• What you will do:
Leaving out the pictures, retype exactly the lines from the one holding "Au bord de la" through the end of the material.

• Supplied data:
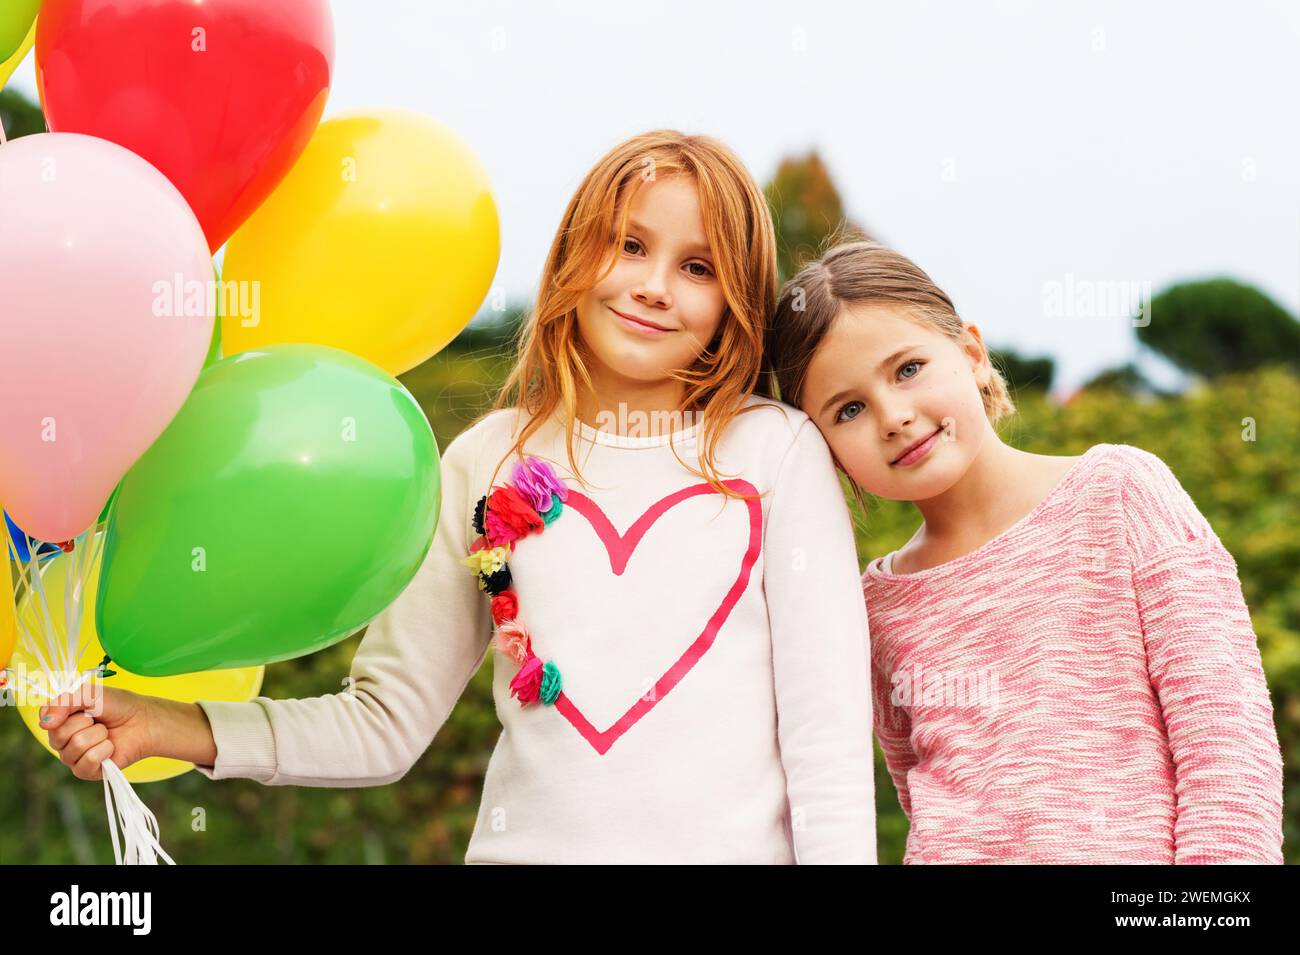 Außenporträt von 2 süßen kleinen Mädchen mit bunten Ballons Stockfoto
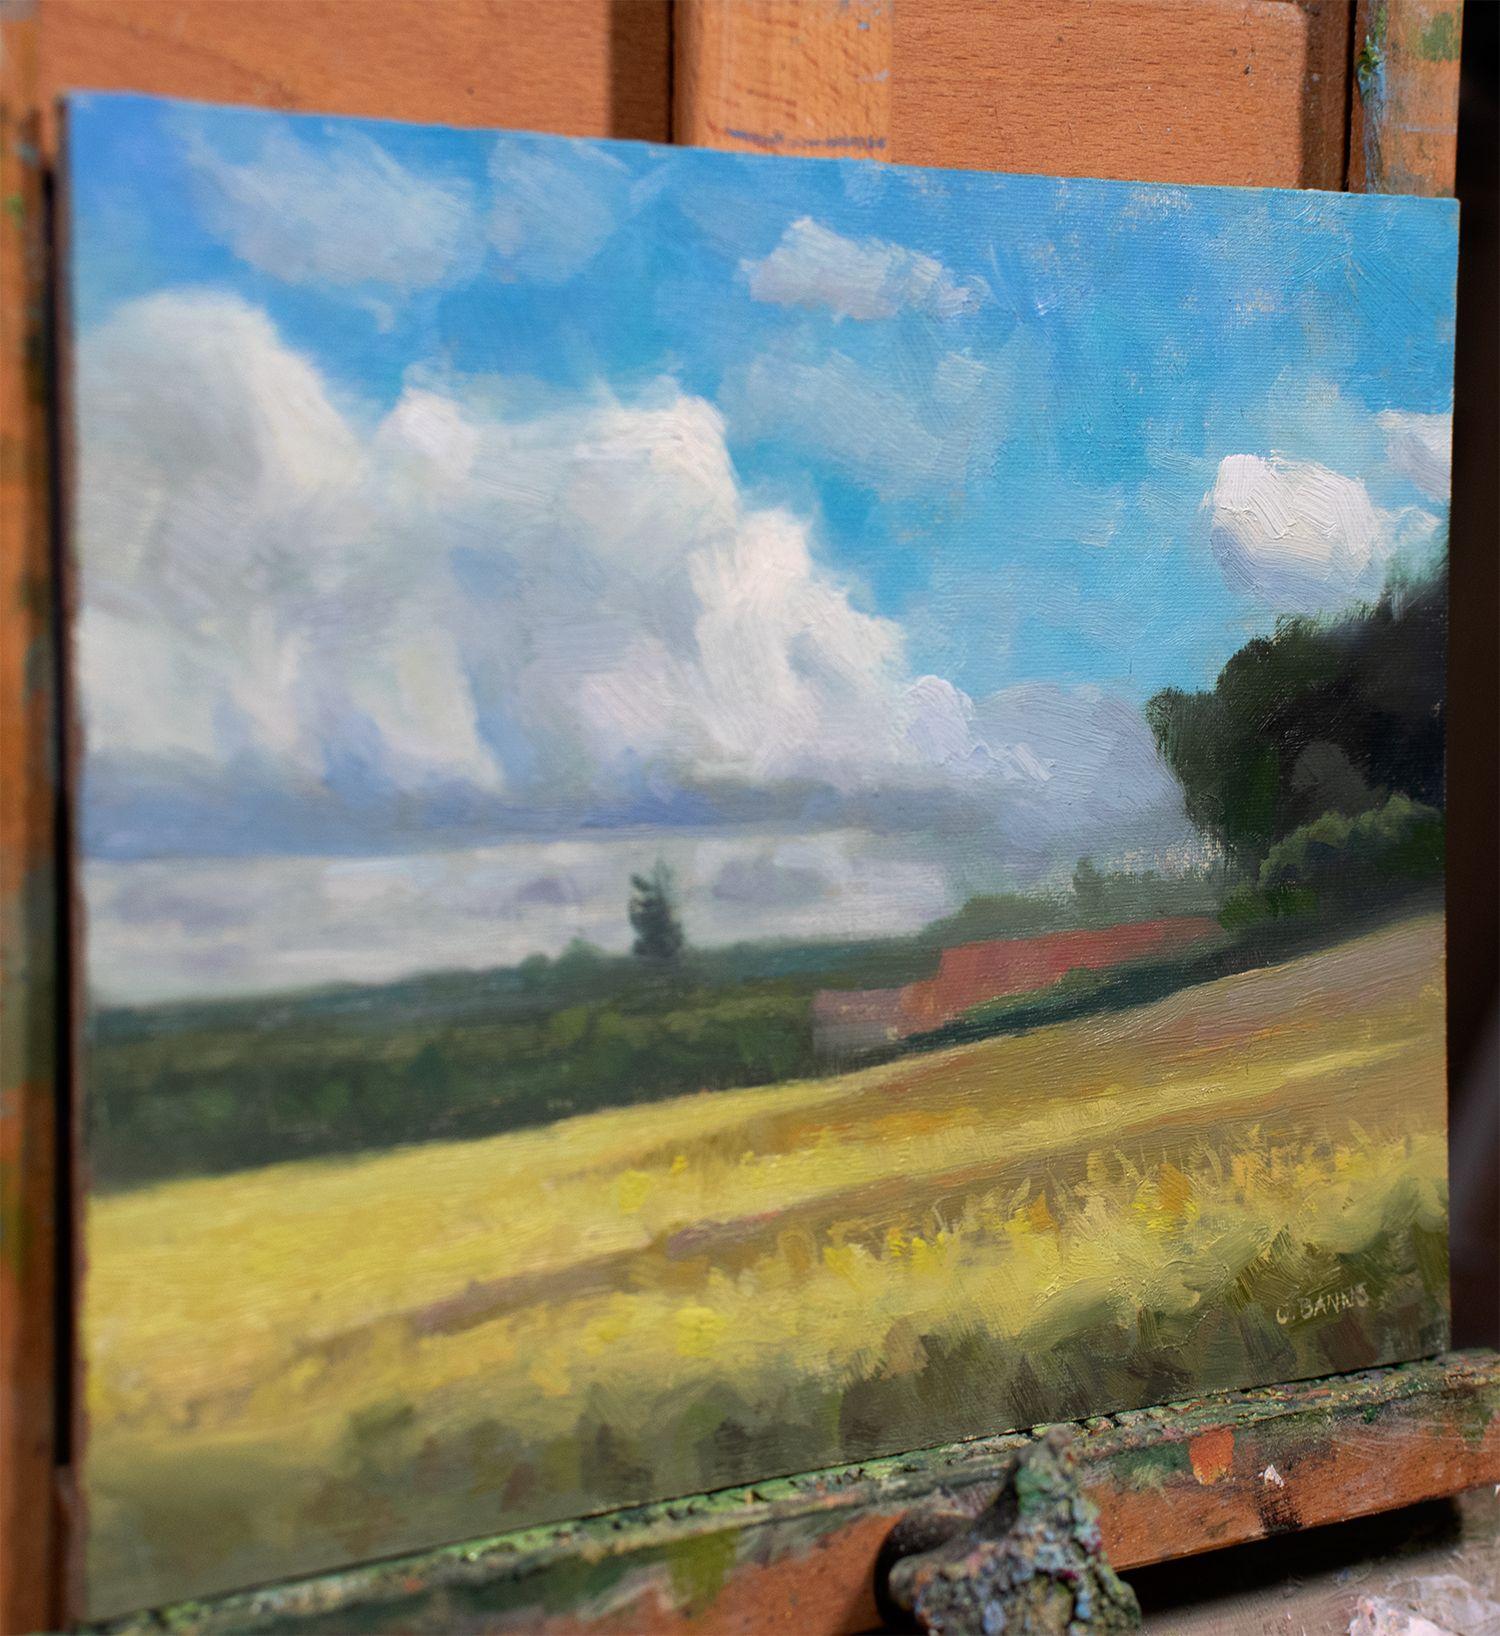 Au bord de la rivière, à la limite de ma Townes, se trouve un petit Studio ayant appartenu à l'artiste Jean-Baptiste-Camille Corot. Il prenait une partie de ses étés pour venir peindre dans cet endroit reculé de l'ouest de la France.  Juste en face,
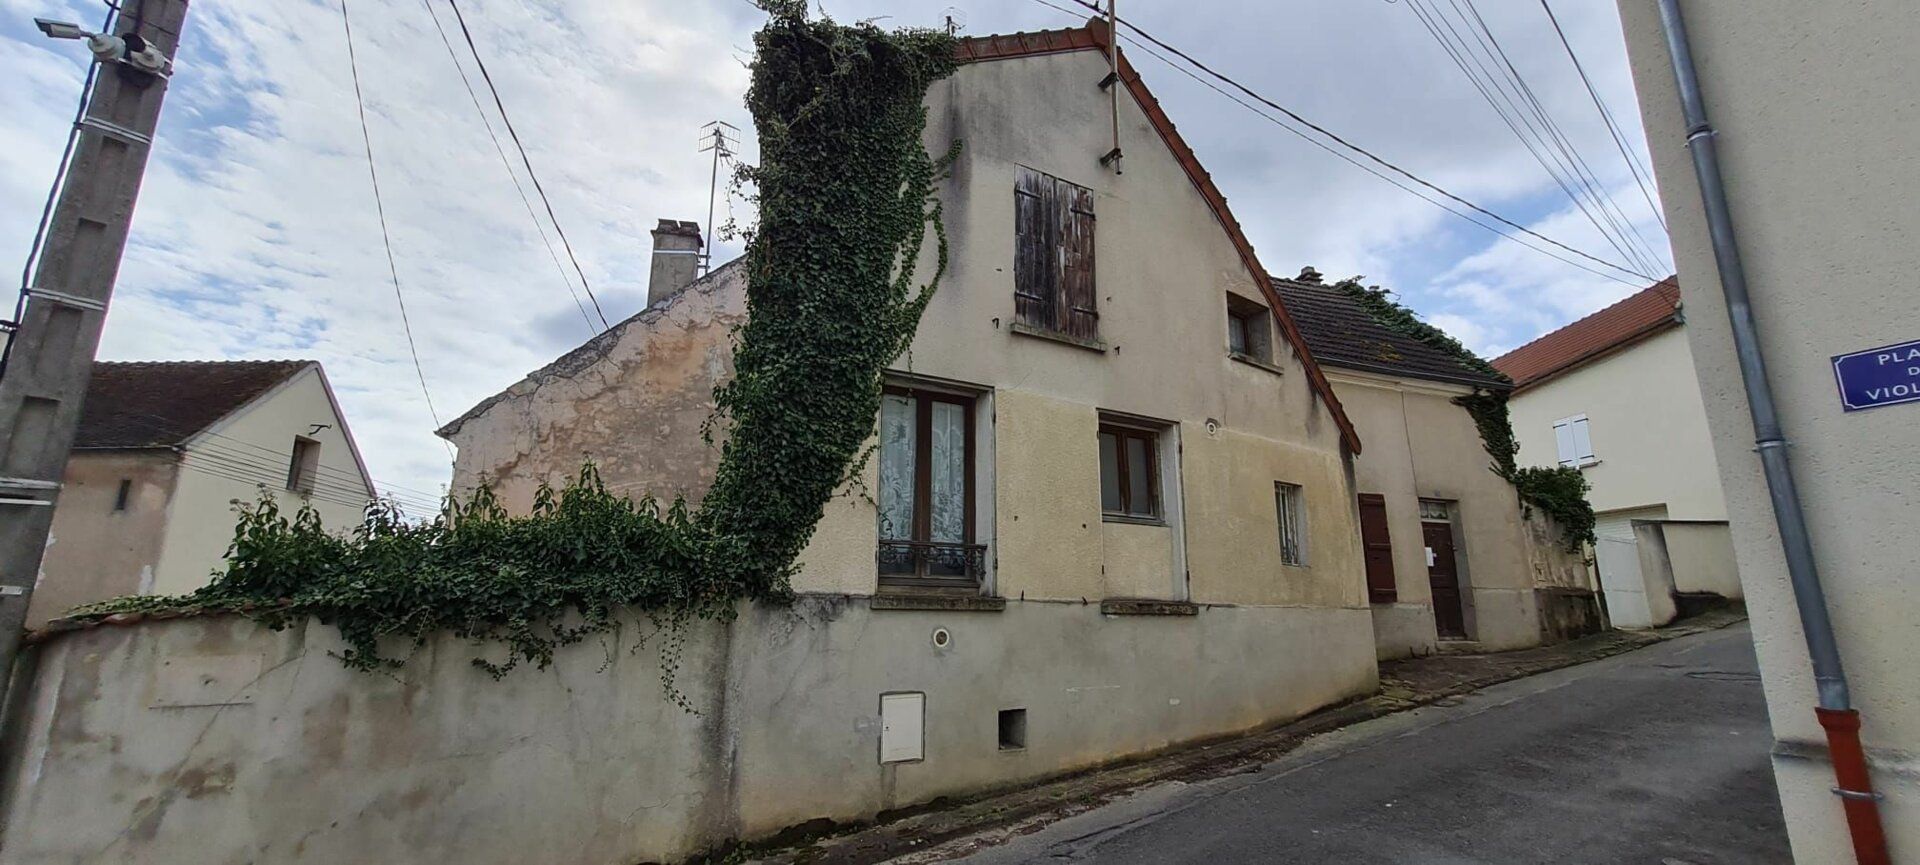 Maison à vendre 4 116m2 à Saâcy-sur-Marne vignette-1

• Output of the exercise:
 Au bord de la rivière, à la limite de ma Townes, se trouve un petit Studio ayant appartenu à l'artiste Jean-Baptiste-Camille Corot. Il prenait une partie de ses étés pour venir peindre dans cet endroit reculé de l'ouest de la France.  Juste en face,
 Maison à vendre 4 116m2 à Saâcy-sur-Marne vignette-1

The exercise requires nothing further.